Chief Science Officer Uppsala Monitoring Centre Uppsala, Sweden
Background: Pharmacovigilance requires identification of adverse event terms related to the same clinical condition, and solely relying on hierarchies in medical terminologies is often not sufficient. Similar challenges exist for the analysis of medicinal products. Rapid advances in artificial intelligence and machine learning have led to language models that can identify semantically related words. With these approaches words are represented by vectors which are derived from their context in large text corpora. Adaptations to pharmacovigilance have been proposed, creating vector representations of adverse events and drugs based on reporting patterns.
Objectives: To evaluate stability and clinical relatedness of nearest neighbors identified via vector representations for adverse events and drugs derived from global pharmacovigilance reporting patterns.
Methods: vigiVec is an adaptation of the publicly available Word2Vec neural network language model. It creates vector representations of MedDRA preferred terms and WHODrug active ingredients from reporting patterns in VigiBase, the WHO global database of individual case safety reports. Our evaluation focused on nearest neighbors identified by the cosine similarity of the vector representations. Stability was measured as the average overlap in the ten nearest neighbors for each adverse event or drug, in repeated fitting of vigiVec. Clinical relatedness was measured through term intruder detection, where a medical doctor was asked to identify a random intruder among the four nearest neighbors to a specific adverse event or drug.

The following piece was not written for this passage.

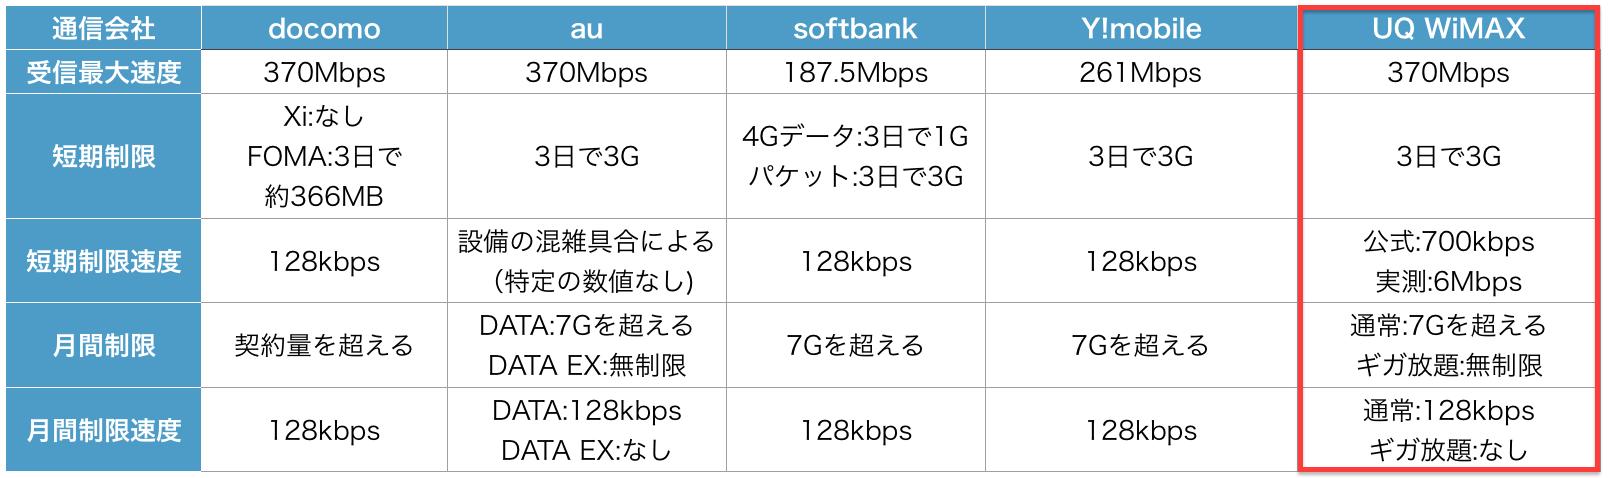 Pocket WiFi 506HW Y!mobile データ通信端末 比較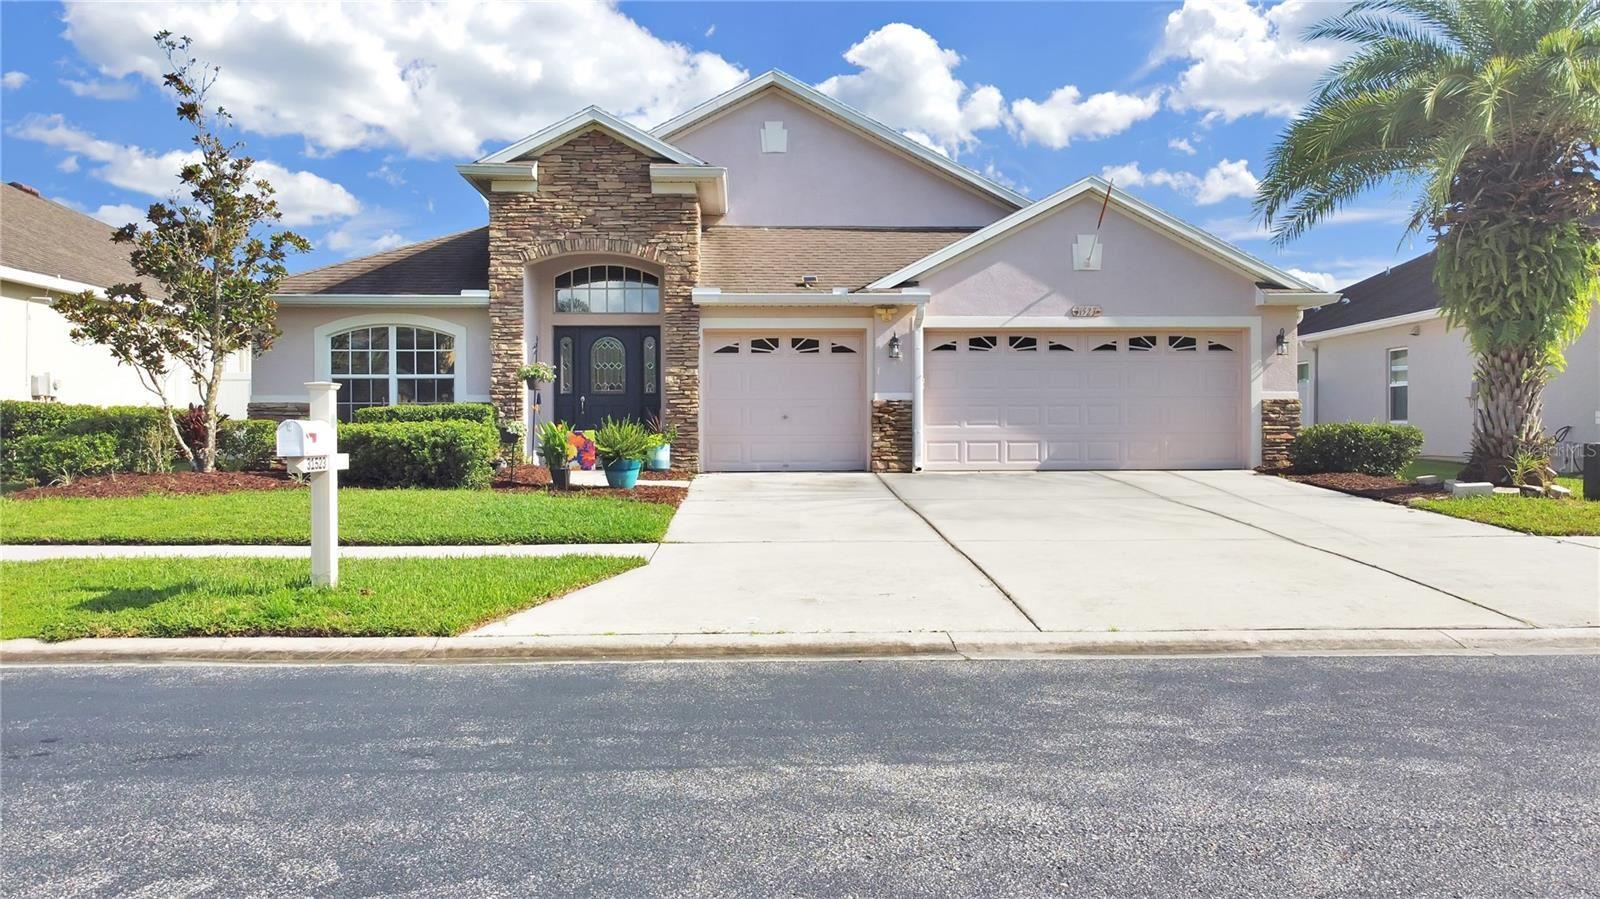 31523 HOLCOMB PASS, Wesley Chapel, FL 33543 - MLS#: T3327212

Results: Among the ten nearest neighbors, 1.8 adverse events were on average part of the same High Level Term (e.g. Coagulopathies), and 1.3 drugs were part of the same ATC level 3 group (e.g. Opioids). For neighbors and intruders chosen outside HLT the intruder detection rate was 79%. Within HLT it was 46%. By chance, we should expect 20%. Corresponding rates for the drugs were 64% outside ATC3 and 42% within. The stability of nearest neighbors was 80% for adverse events and 64% for drugs. For illustration, the ten nearest neighbors of Throat tightness all relate to a clinical context of oropharyngeal hypersensitivity, but only two belong to the same HLT (Upper respiratory tract signs and symptoms). However, eight share its SMQ (Oropharyngeal disorders). This highlights vigiVec’s ability to create clinically relevant representations, while complementing manually curated terminologies.
Conclusions: The semantic representations of vigiVec are stable and show a high level of clinical relatedness. Data-driven identification of clinically related adverse events and drugs may complement existing medical hierarchies, supporting domain experts in pharmacovigilance.